A word-for-word copy of the following listing is needed. Leave out its images.
====== Dataset excerpt ======
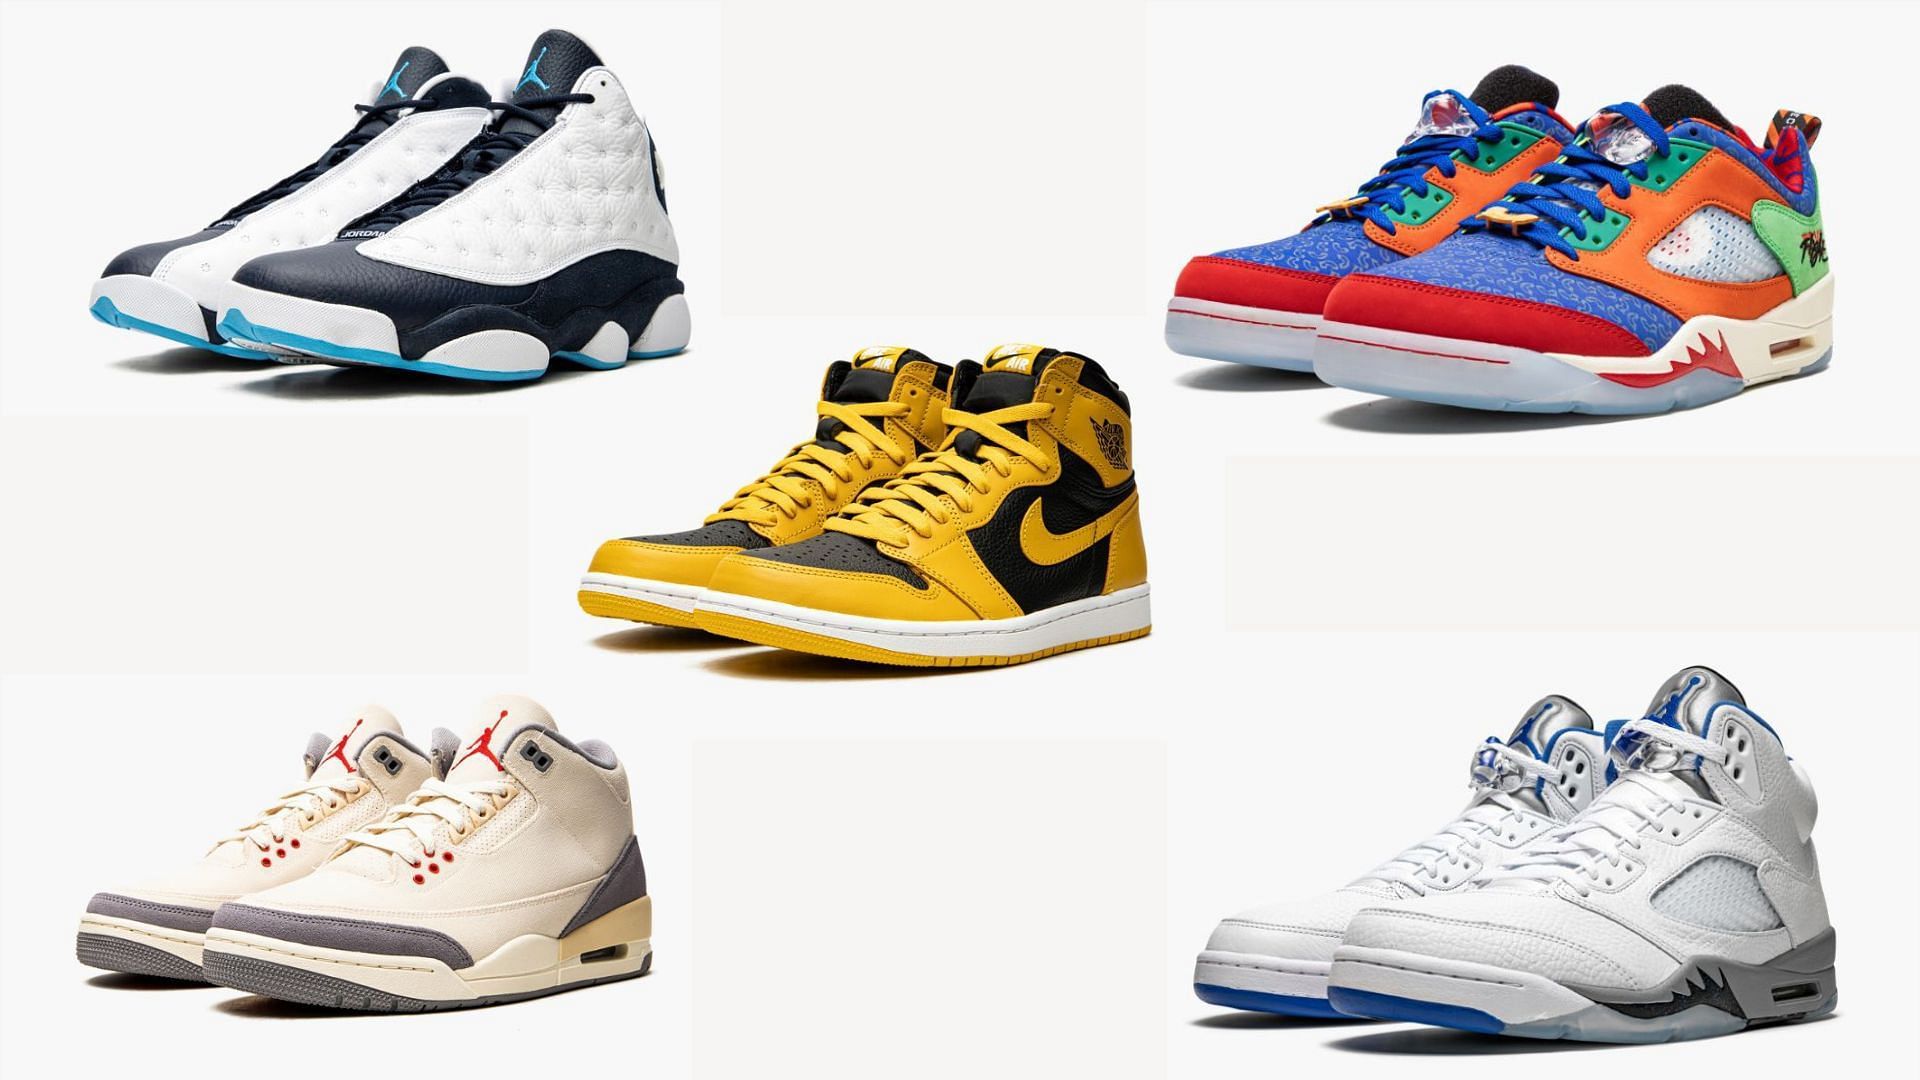 Air Jordans under $300 (Image via Sportskeeda)
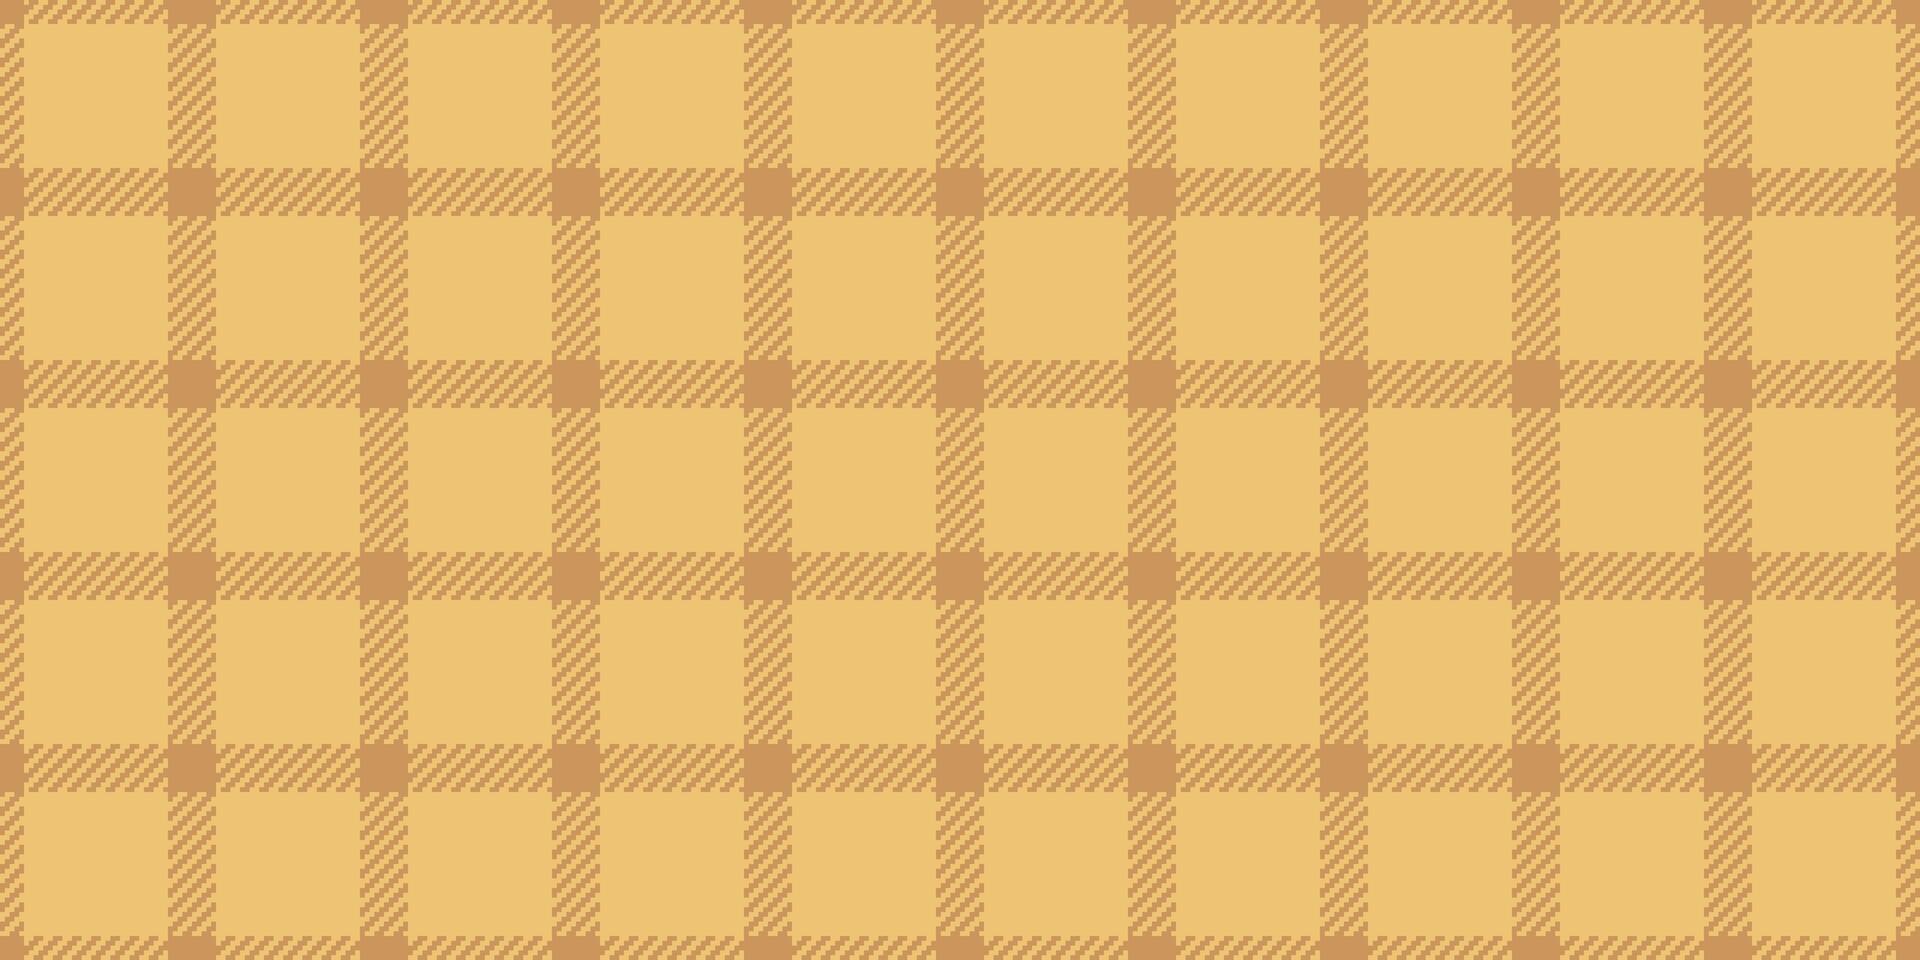 wijnoogst patroon kleding stof plaid, golf naadloos structuur textiel. decor achtergrond vector Schotse ruit controleren in oranje en amber kleuren.
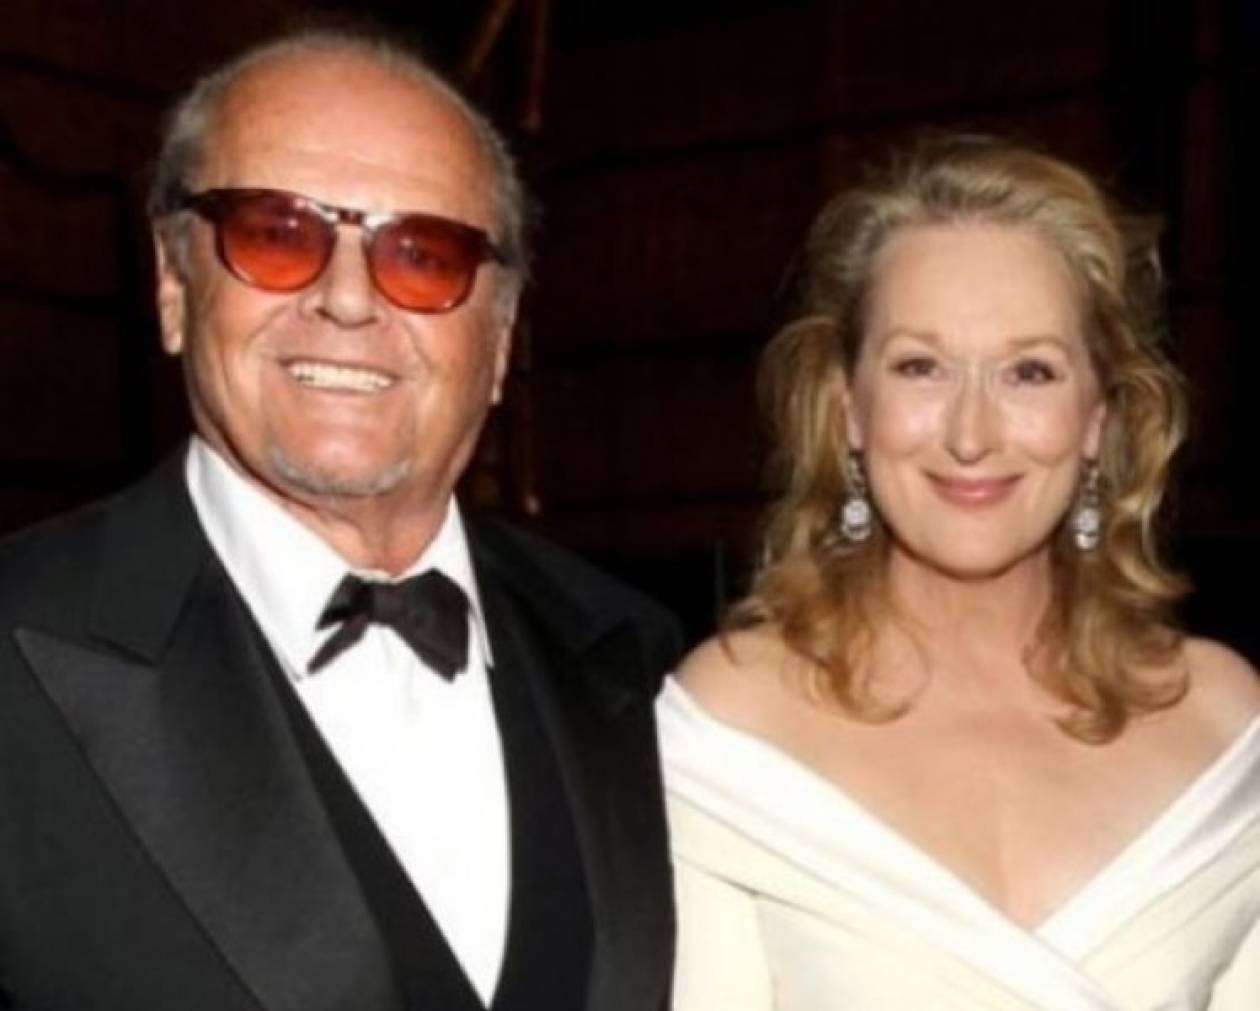 Σκάνδαλο:Ούτε η παντρεμένη Meryl Streep δεν αντιστάθηκε στον Nicholson
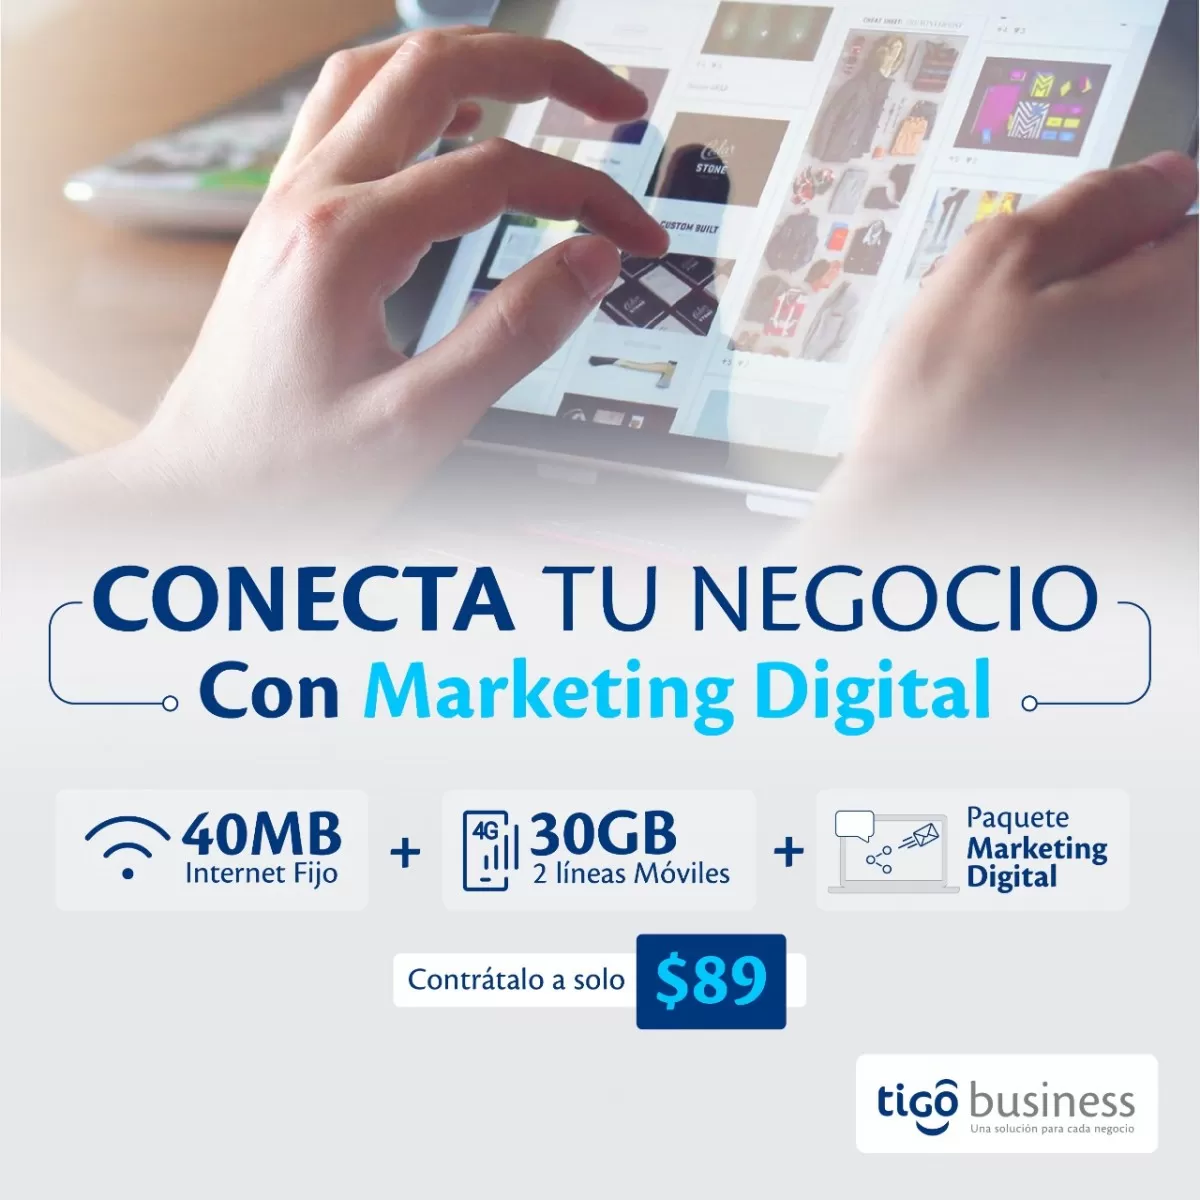 “Tigo Business lanza soluciones de Marketing Digital y Conectividad para empresas emprendedoras”
======
▶ _Solution_
 Air Jordans under $300 (Image via Sportskeeda)
 wijnoogst patroon kleding stof plaid, golf naadloos structuur textiel. decor achtergrond vector Schotse ruit controleren in oranje en amber kleuren.
 Σκάνδαλο:Ούτε η παντρεμένη Meryl Streep δεν αντιστάθηκε στον Nicholson
 “Tigo Business lanza soluciones de Marketing Digital y Conectividad para empresas emprendedoras”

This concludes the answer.